[TASK DETAILS]
In the entries that follow, the first line to write out is the one containing "Vaso vetro colorato", and the last is the one containing "С патриотични песни, изпълнени". Reproduce that stretch exactly, with nothing before or after it.

(Source records)
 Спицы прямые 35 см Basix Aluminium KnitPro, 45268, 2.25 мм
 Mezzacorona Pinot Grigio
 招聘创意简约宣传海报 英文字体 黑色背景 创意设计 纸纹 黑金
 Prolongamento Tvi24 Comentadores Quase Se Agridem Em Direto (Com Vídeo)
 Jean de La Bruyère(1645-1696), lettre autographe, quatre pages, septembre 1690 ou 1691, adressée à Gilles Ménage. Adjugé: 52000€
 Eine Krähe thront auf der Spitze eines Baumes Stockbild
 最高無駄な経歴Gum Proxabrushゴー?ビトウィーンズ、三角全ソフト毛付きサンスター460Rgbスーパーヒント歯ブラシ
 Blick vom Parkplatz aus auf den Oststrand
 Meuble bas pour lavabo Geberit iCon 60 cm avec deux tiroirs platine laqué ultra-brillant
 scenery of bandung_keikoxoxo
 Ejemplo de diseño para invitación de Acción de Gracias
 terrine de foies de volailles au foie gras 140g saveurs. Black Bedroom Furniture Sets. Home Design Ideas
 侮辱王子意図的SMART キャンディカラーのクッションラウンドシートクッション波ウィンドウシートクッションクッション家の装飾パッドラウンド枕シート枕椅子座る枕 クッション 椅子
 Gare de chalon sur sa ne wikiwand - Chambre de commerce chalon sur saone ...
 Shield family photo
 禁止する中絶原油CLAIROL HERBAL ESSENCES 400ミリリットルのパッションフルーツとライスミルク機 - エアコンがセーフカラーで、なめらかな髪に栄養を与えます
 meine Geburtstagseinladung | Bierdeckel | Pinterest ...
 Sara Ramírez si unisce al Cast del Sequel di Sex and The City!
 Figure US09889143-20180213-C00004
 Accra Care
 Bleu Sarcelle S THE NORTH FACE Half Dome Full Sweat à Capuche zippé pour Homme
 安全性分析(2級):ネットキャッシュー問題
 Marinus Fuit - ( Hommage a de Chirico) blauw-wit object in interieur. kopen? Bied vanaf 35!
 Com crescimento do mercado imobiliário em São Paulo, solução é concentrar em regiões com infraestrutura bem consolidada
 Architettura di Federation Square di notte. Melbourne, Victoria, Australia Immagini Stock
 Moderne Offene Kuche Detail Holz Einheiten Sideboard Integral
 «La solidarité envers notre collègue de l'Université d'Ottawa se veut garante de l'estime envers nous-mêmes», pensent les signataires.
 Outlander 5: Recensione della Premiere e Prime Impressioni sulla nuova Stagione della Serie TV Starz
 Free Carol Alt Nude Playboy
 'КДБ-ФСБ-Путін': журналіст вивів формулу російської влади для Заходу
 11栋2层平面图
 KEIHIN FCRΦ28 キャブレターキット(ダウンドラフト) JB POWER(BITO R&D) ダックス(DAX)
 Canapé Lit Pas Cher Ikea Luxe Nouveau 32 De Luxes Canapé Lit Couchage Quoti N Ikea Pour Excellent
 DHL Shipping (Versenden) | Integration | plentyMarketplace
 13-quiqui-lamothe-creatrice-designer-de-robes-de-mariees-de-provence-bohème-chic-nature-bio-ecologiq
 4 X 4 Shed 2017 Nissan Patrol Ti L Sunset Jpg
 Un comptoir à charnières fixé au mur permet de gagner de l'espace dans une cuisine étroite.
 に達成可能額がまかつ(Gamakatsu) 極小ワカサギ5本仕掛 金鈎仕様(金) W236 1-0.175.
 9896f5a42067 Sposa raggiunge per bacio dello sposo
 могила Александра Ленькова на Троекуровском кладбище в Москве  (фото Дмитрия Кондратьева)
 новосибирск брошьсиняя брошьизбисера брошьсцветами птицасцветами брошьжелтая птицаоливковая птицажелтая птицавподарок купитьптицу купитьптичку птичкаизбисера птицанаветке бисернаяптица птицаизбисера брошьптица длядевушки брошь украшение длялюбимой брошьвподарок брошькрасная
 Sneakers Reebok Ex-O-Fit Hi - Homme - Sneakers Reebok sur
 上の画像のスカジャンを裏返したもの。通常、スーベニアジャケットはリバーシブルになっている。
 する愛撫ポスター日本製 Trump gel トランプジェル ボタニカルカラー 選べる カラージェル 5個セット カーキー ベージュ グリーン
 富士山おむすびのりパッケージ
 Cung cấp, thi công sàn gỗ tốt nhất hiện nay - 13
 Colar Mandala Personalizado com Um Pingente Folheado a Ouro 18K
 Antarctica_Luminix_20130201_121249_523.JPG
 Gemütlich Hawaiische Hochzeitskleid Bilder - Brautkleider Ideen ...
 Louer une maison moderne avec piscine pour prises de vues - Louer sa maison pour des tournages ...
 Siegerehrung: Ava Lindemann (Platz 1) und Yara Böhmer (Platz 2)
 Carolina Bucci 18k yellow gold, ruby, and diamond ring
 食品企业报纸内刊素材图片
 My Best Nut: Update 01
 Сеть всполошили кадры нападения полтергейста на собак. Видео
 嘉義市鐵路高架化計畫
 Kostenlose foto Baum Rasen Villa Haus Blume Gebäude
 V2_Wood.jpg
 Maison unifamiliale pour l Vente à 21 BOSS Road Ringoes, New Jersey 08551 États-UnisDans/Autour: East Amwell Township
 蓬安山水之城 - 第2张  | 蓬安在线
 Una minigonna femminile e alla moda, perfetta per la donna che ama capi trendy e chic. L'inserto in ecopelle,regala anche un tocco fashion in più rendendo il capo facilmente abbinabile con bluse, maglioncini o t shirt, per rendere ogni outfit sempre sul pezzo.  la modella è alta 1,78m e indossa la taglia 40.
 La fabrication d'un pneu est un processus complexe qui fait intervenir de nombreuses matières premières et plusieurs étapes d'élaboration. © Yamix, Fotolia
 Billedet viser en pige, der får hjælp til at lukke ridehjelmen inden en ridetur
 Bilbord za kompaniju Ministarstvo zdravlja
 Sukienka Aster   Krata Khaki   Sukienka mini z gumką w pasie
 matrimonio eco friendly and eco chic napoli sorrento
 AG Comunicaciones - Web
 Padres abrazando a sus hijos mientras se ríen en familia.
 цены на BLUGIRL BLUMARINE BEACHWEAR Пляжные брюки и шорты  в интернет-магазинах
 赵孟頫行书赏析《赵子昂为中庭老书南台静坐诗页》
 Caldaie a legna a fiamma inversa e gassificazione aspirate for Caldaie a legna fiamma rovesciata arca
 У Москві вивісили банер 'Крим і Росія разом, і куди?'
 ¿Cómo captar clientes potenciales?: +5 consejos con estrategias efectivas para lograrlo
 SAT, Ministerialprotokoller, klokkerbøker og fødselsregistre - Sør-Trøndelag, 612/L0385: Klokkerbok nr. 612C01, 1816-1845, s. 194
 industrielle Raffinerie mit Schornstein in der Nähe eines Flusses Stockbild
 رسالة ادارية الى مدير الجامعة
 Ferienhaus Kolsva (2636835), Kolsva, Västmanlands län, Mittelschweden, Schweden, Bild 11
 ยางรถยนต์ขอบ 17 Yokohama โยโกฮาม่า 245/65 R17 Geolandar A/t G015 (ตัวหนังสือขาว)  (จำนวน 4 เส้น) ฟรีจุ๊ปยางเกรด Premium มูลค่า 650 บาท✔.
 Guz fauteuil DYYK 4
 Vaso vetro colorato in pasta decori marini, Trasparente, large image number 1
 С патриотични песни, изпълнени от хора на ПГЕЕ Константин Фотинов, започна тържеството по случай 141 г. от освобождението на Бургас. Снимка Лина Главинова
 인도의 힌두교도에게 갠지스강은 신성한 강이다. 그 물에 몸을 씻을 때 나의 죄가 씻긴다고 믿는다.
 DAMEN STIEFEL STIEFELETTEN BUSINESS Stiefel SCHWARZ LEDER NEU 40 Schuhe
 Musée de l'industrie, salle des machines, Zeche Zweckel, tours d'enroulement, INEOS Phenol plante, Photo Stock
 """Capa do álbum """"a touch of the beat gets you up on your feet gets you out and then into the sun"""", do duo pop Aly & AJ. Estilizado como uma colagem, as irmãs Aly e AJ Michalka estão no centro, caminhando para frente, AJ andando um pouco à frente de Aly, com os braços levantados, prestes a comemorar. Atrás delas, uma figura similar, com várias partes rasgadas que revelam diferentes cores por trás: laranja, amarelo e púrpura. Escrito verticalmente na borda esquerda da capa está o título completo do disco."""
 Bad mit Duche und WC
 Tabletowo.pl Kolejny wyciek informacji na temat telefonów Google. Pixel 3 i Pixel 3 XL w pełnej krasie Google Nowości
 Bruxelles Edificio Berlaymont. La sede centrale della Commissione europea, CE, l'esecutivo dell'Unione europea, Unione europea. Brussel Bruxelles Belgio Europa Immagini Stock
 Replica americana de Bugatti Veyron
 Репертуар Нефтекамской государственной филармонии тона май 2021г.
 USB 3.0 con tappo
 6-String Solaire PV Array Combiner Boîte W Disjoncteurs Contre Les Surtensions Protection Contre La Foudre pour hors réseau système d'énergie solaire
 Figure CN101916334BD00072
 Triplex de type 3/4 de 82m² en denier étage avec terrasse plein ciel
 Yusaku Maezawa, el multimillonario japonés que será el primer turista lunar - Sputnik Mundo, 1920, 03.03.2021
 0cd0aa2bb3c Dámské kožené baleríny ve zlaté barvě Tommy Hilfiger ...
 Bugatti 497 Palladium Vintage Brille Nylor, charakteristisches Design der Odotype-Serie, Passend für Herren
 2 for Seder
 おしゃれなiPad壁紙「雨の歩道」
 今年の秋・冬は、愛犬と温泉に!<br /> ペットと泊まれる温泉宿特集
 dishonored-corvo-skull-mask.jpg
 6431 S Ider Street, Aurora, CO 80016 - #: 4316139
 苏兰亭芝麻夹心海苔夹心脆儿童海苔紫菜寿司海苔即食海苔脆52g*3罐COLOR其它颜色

[RESPONSE]
 Vaso vetro colorato in pasta decori marini, Trasparente, large image number 1
 С патриотични песни, изпълнени от хора на ПГЕЕ Константин Фотинов, започна тържеството по случай 141 г. от освобождението на Бургас. Снимка Лина Главинова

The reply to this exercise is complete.